U.S. stocks surged Tuesday as investors reacted to President Donald Trump’s immediate policy moves and the absence of expected tariff hikes.
Markets had been bracing for volatility as Trump kicked off his second term, but relief came when the president refrained from imposing the sweeping tariffs on Mexico, Canada and China that many had anticipated.
The Energy and Industrials sectors are front and center as Trump prioritizes trade and energy in his new agenda. U.S. stock futures rose sharply during the morning hours and the SPY is still up for the day despite pulling back from the highs.
The spotlight now shifts to the upcoming earnings season, with Netflix (NFLX) expected to report robust results after the bell. The company has been a consistent winner, and Wall Street will be watching closely for updates on subscriber growth and international expansion.
As always, volatility creates opportunities, and staying nimble will be key in this environment. Whether through short-term trades or strategic sector plays, the next few weeks could offer plenty of chances to profit from the market’s moves.
🚨Monday Picks (a Day Late)🚨
Since we were out Monday with the holiday, these picks are a day late.
Maybe the biggest and most intriguing thing is if Trump will actually start moving the token on the Bitcoin strategic fund — the next major, major catalyst for crypto.

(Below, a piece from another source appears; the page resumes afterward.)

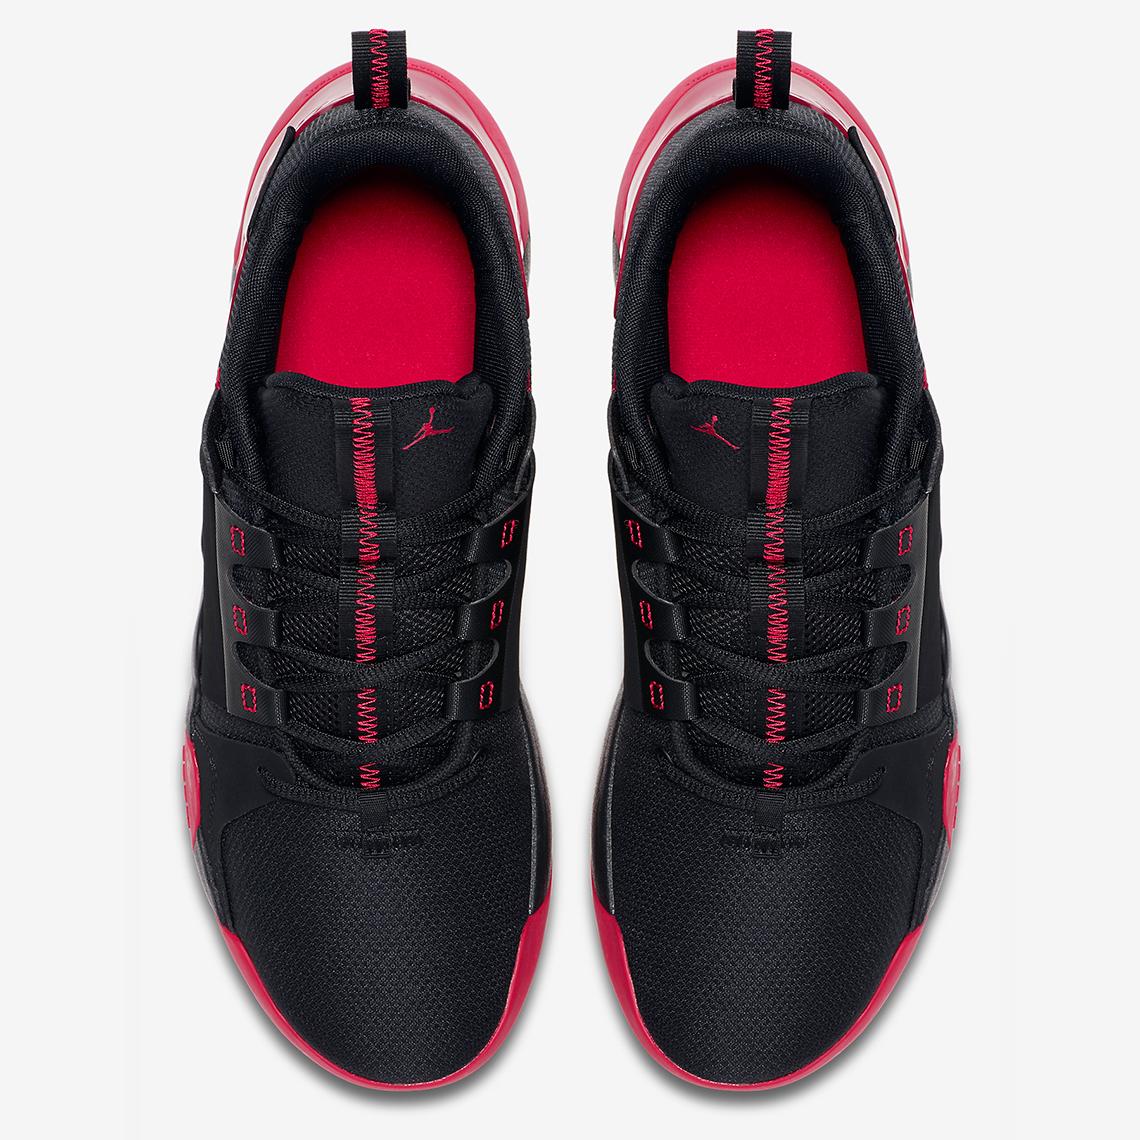 e168a928b23 Jordan Zero Gravity Bred AO9027-006 Release Info   SneakerNews.com
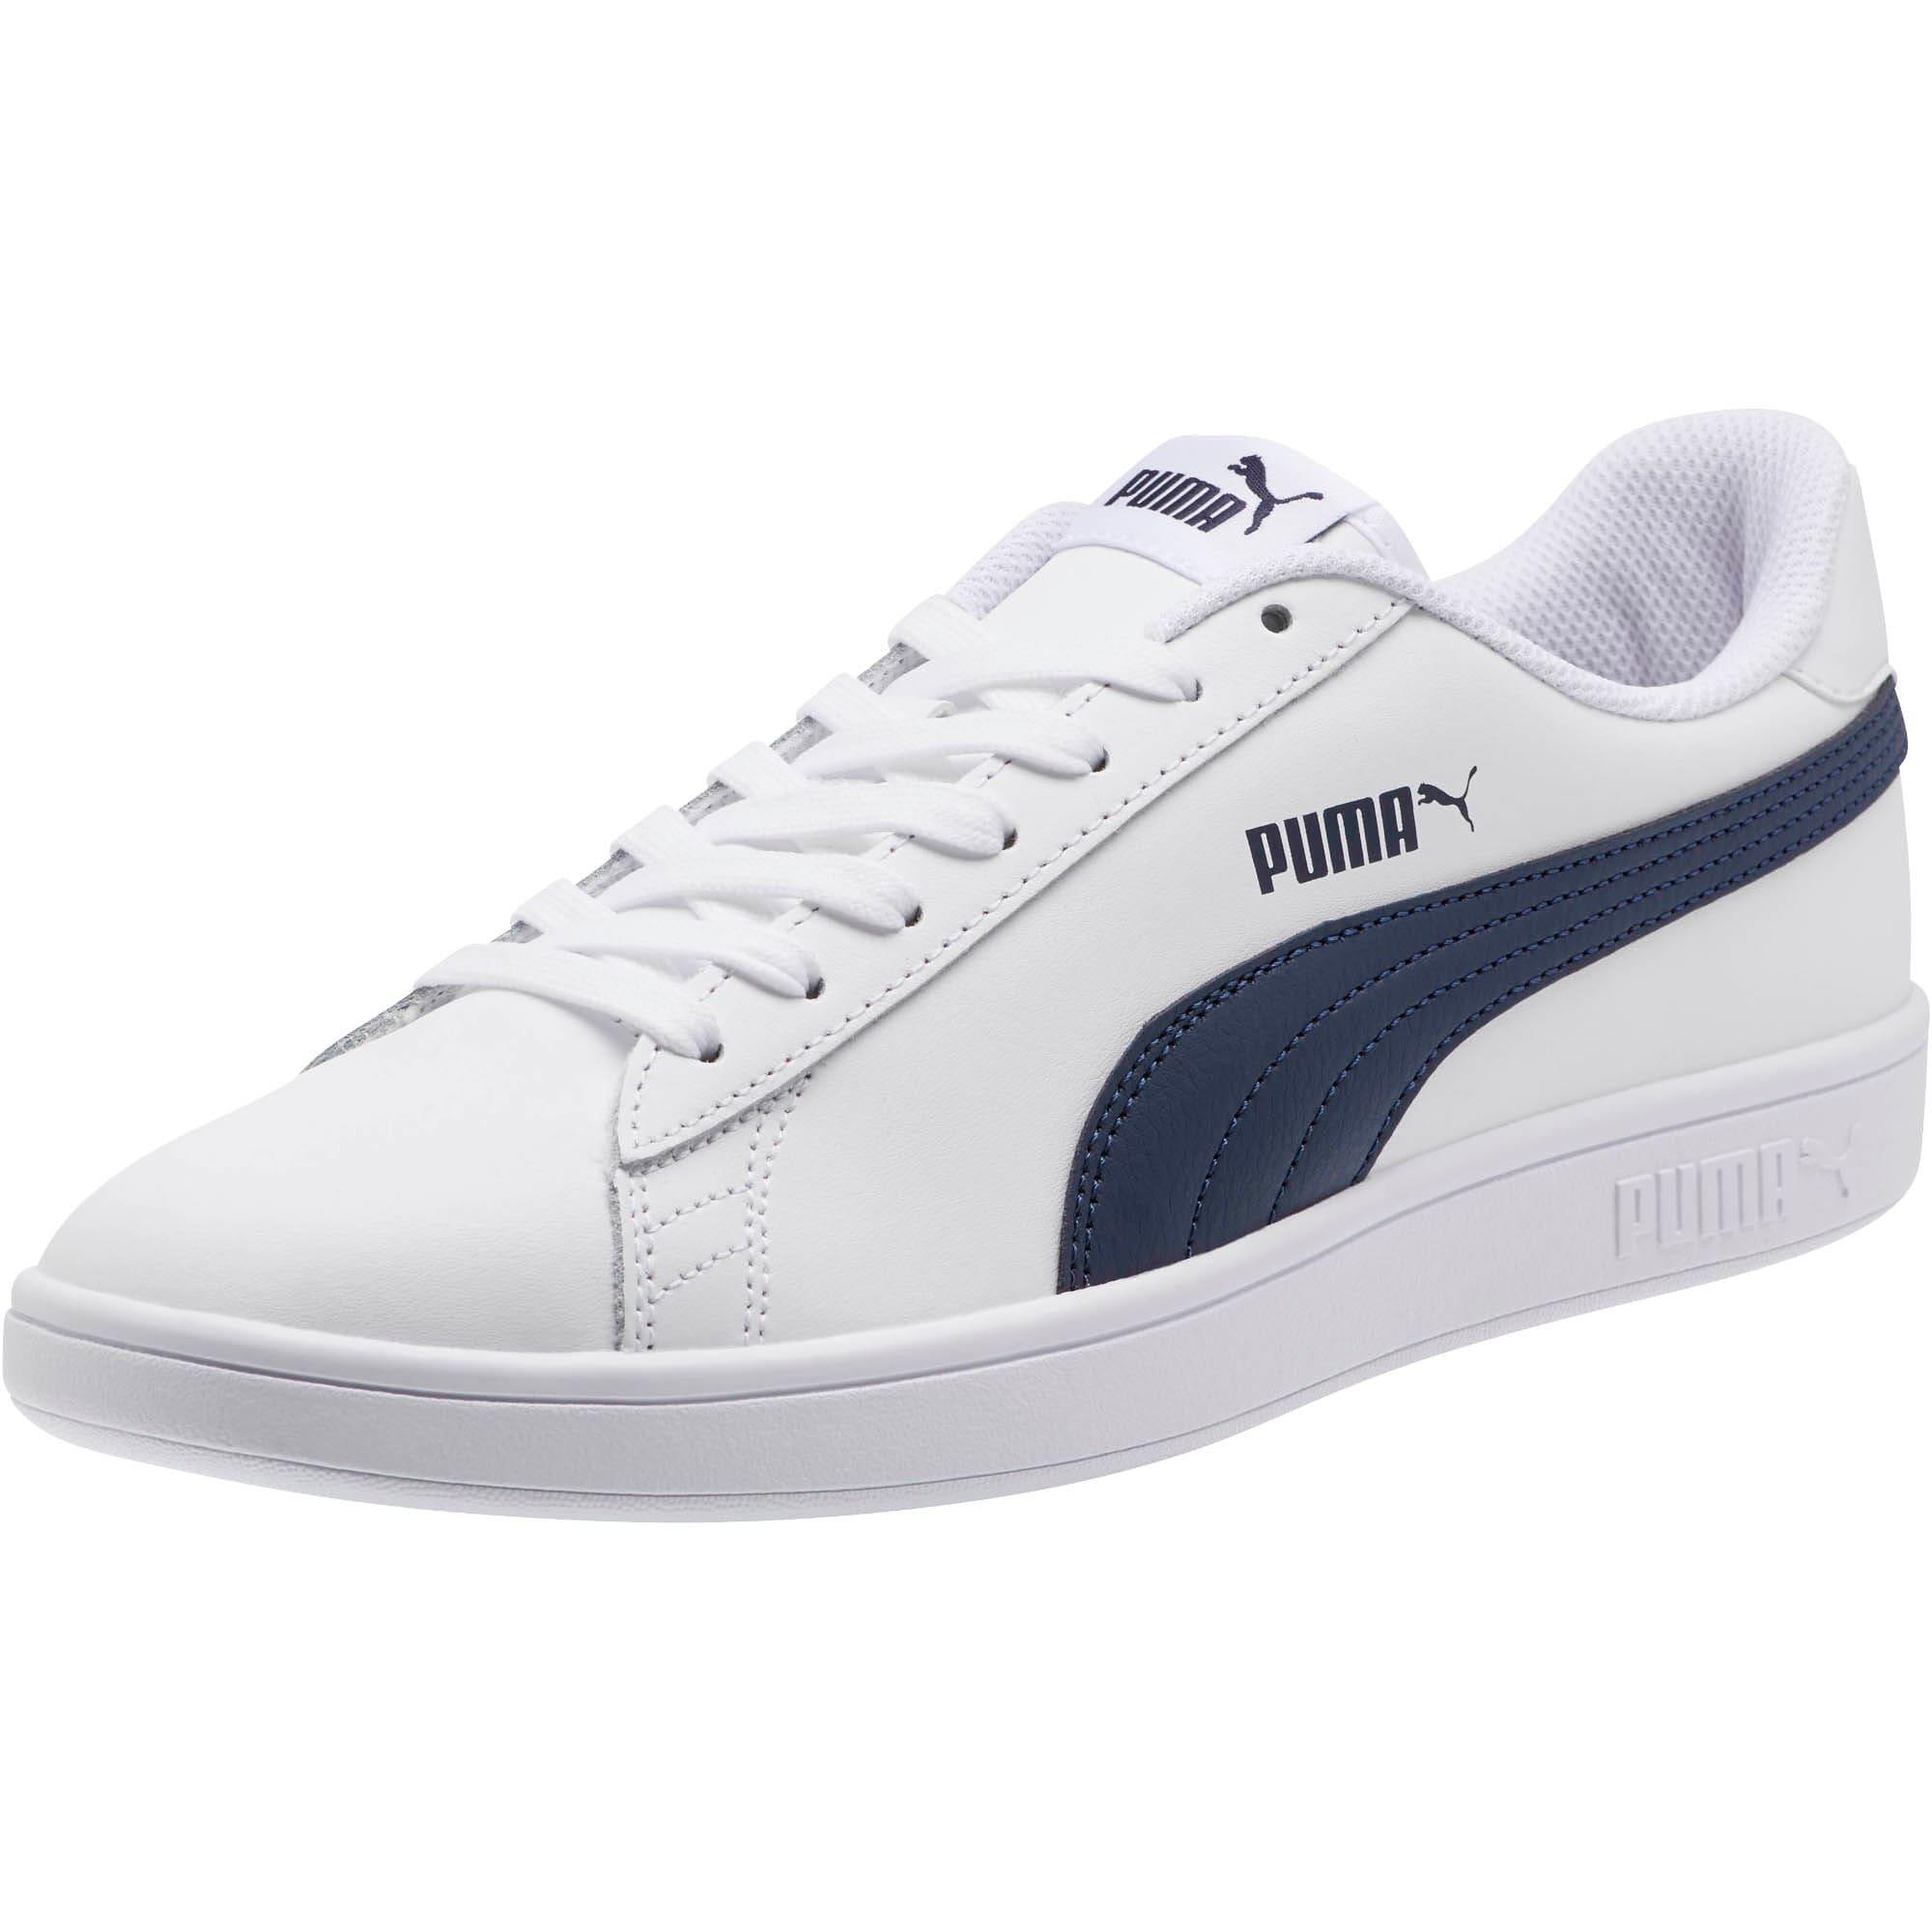 Thumbnail 1 of PUMA Smash v2 Sneakers, Puma White-Peacoat, medium

As I mentioned above, we also have earnings heating up with a lot of financials reporting…
Remember, at 10 a.m. ET each Thursday, I’ll cover everything in more detail… But for now, here are my favorite stocks of the week:
✅ ServiceNow (NOW) — epic setup, IMO.
✅ Arista Networks (ANET) — beautiful breakout.
✅ Financial Select Sector ETF (XLF) — Financial sector is lighting it up.
✅ Delta (DAL) — Airlines are red-hot.
✅ GE Vernova (GEV) — Earnings Wednesday before the open!
❌ Apple (AAPL) — not looking good.
🔥Bitcoin ETFs like IBIT or FBTC — speculative if Trump will put in the strategic reserve right away.
A Stock to Watch: Sea Limited (SE)
Sea Limited (SE) is a stock to keep on your radar this week, as it historically tends to be bullish at the end of the first month of the year. This bullish seasonal trend makes it an interesting opportunity for the rest of January and slightly beyond.
Buying SE on Jan. 21 and holding for 18 days has delivered an average return of 7.8% over the past several years. While past performance isn’t a guarantee, it’s worth considering as we navigate the end of the first trading month of 2025.
Final Thoughts
With markets closed Monday for Martin Luther King Jr. Day, this first trading day of the week sets the tone for what could be a tumultuous period. Everyone will be eyeing trade policy developments and economic data for further clues on market direction.
As always, volatility creates opportunities, and staying nimble will be key. Whether through short-term trades or strategic sector plays, the next few weeks could offer plenty of chances to profit from the market’s moves.